Temporary Error (502)

We’re sorry, but your Gmail account is currently experiencing errors. You won’t be able to use your account while these errors last, but don’t worry, your account data and messages are safe. Our engineers are working to resolve this issue.

Please try accessing your account again in a few minutes.






August 5th, 2008

Gthread – new automatic web pages

Erica had mentioned that one mention of Laser Eye Surgery had changed all of the Google Adsense links on one of her web page from the normal topic into Lasiks ads. These ads pay $10 a piece. Note: this is not necessarily per click. The target web sites usually have Google Analytics installed so that I think Google only pays on the click if the surfer clicks on a few pages and stays for more than a minute.

Working on another variation of my mad scheme to make a living off of the web I made several pages of medical, legal and other high pay search terms at my site Gthread.com. I’ve made a few dollars in the last month or so, but nothing beyond a few random clicks. This is the first time that I’ve actually tried to target a keyword for just money. In the past, I always was interested in the results. It’s not like String Theory or Telecommute writing jobs would make much money.

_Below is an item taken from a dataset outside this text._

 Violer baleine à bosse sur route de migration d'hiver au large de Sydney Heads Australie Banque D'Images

I did add one more personal interest web page. The Exploration of Jupiter Digest is for my own satisfaction (nothing there so far today except a test). I have 3000 words of a Jupiter adventure that is turning out far better than I expected. I have a lot of work to do. I just changed it so that the beginning has to be rewritten. I also just found out that Jupiter’s day is only 9 hours 55 minutes so this puts a new time limit on my adventure story. It has to finish just as it night falls on Jupiter.






July 20th, 2008

Harpamps Hacked

My site harpamps was hijacked. It seems to have come from one of my advertisers. Someone made some kind of malicious javascript that sends  browsers to another web site. I am the process of removing everything I can from the site.






July 6th, 2008

Panasonic "Let’s Note" is Back

Last Winter, the little Panasonic ToughBook “Let’s Note” that Justine brought back from Hong Kong, rolled over and played dead. I took it apart (like a puzzle box – about 30 screws) and I pulled the hard drive. I was able to pull lots of information off of it and then format the drive, but I was never able to get the little ToughBook to work.

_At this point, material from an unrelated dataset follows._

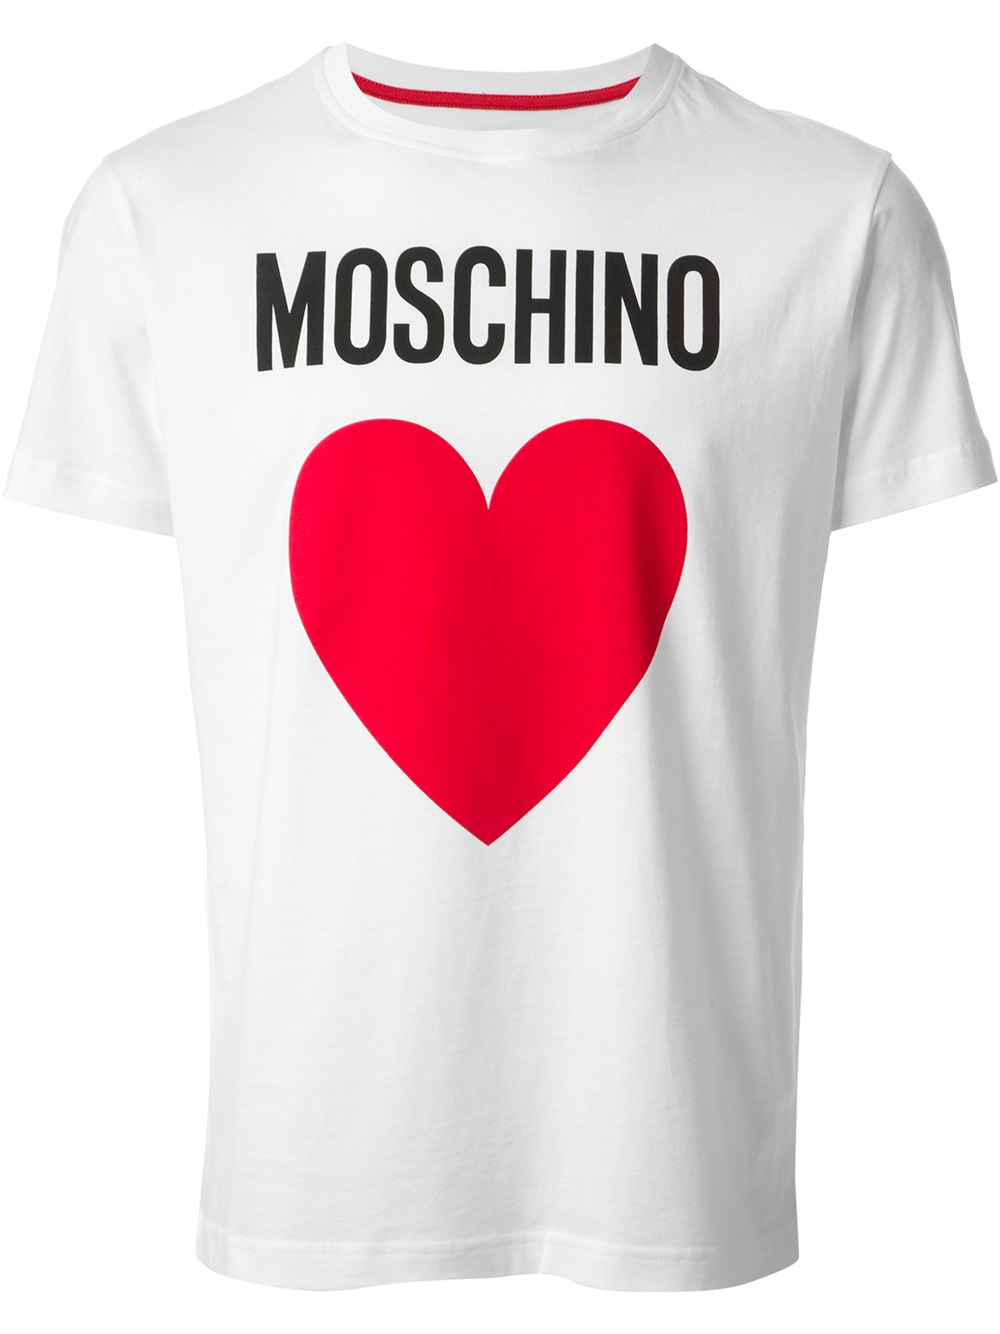 red and white moschino t shirt

Yesterday afternoon, it was raining and I didn’t fell like doing anything ambitious, so I thought that I’d try one more time before I put it up for sale on eBay for parts. I put it on the dining room table and operated on it for an hour.

It now works!

It is a nice little machine, but the drivers are not to be found anywhere. Panasonic acts like this version of the ToughBook (called Let’s Note in Hong Kong) does not exist. I can not find the drivers for it.

I have drivers for the video, the wireless and the touchpad because they are made by other manufacturers and I got their drivers, but the Ricoh card reader seems to be Panasonic specific and I can’t get the Sound to work. The drivers at Panasonic are all keyed to a bios model number and don’t load if you use the wrong one.

It is good for the bus, though because it is very light and small. The keyboard is cramped and I can’t touch type on it because the punctuation, delete and backspace are all in the wrong places. I might get used to it, though – I was pretty good at it last Winter when it died.

Tomorrow morning I will use it to try to write a “Stranded” flash for AR. I have a few ideas so I will “blue sky” them into a document and then on the way back, look and see if any of them have wings. So far, my ideas have been bland. I need a conflict that can resolve in under 1000 words. I don’t like flash that are like extended jokes. I don’t like flash where the resolution is to reveal a hidden fact: e.g. the narrator is dead or is an alien or is in a VR game. A flash with a punch line sucks. I want to make it a real story.